§ **Records provided**
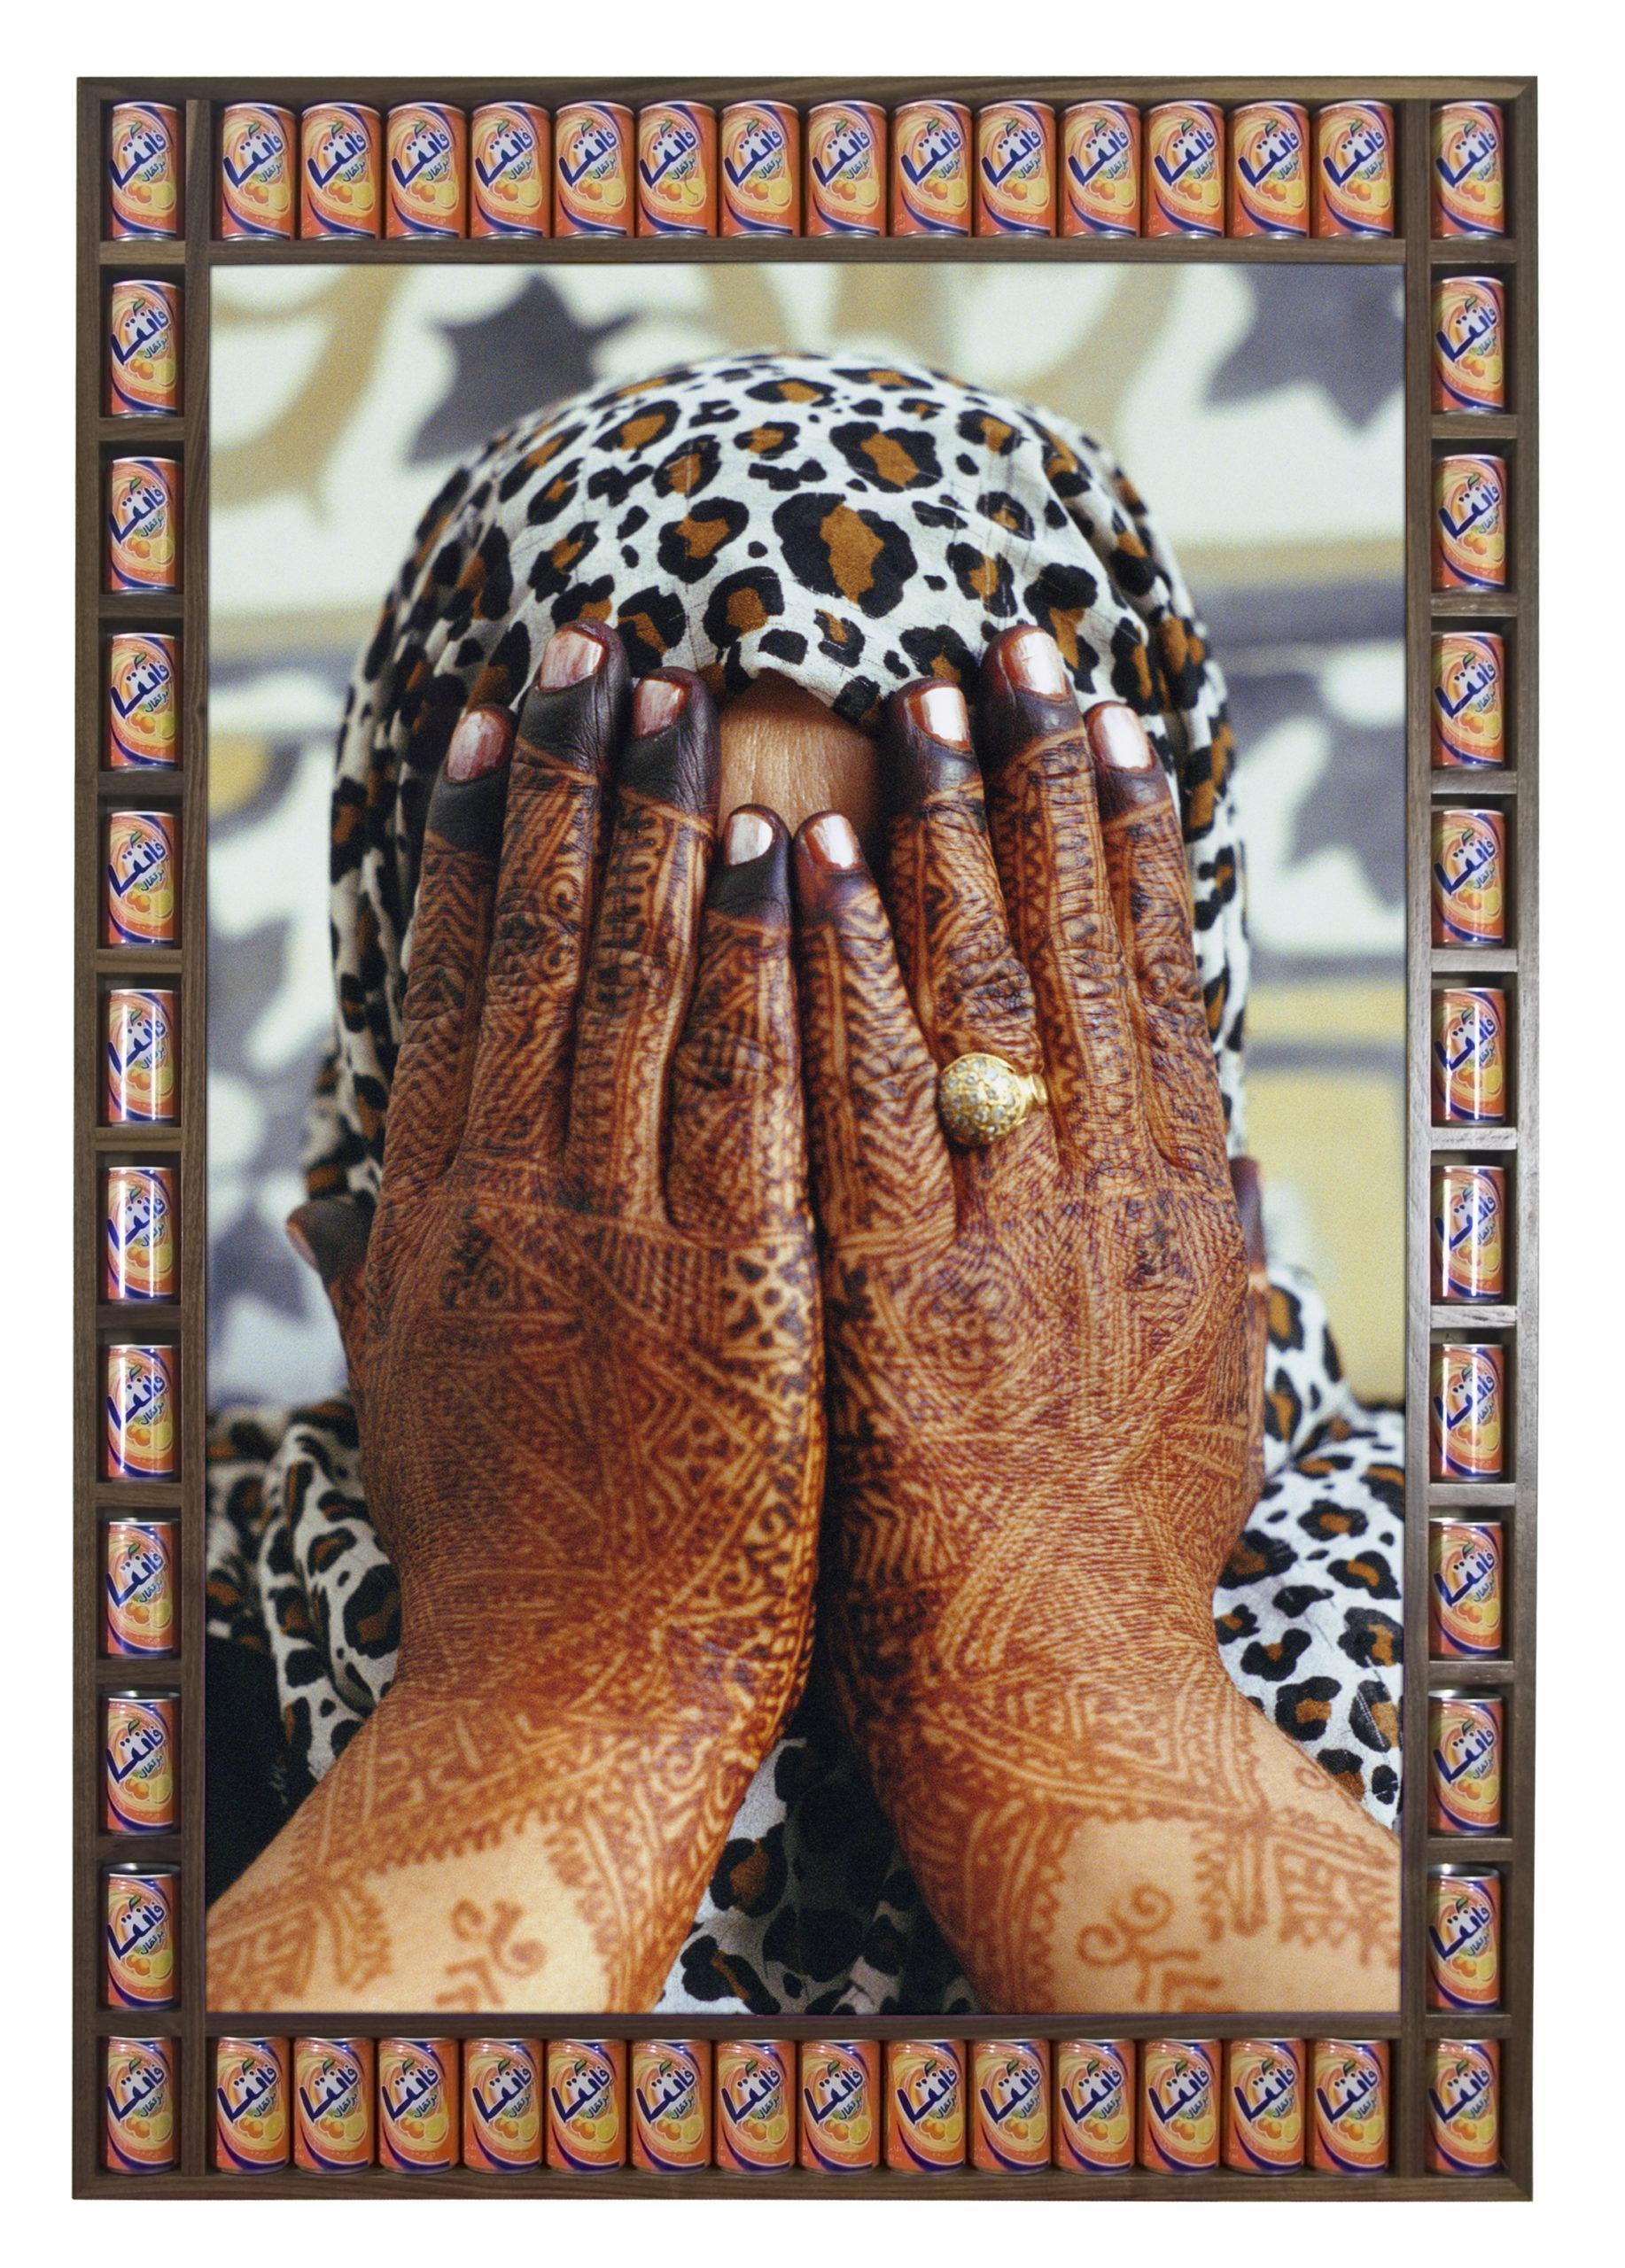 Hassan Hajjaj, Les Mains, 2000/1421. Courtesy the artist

* * *

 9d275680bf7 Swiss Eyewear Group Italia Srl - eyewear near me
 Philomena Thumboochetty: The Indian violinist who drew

§ **What you are asked to do**
Give back exactly the lines of the listing above that run from the line with "9d275680bf7 Swiss Eyewear" to the line with "Philomena Thumboochetty: The", inclusive.

§ **Answer for this exercise**
 9d275680bf7 Swiss Eyewear Group Italia Srl - eyewear near me
 Philomena Thumboochetty: The Indian violinist who drew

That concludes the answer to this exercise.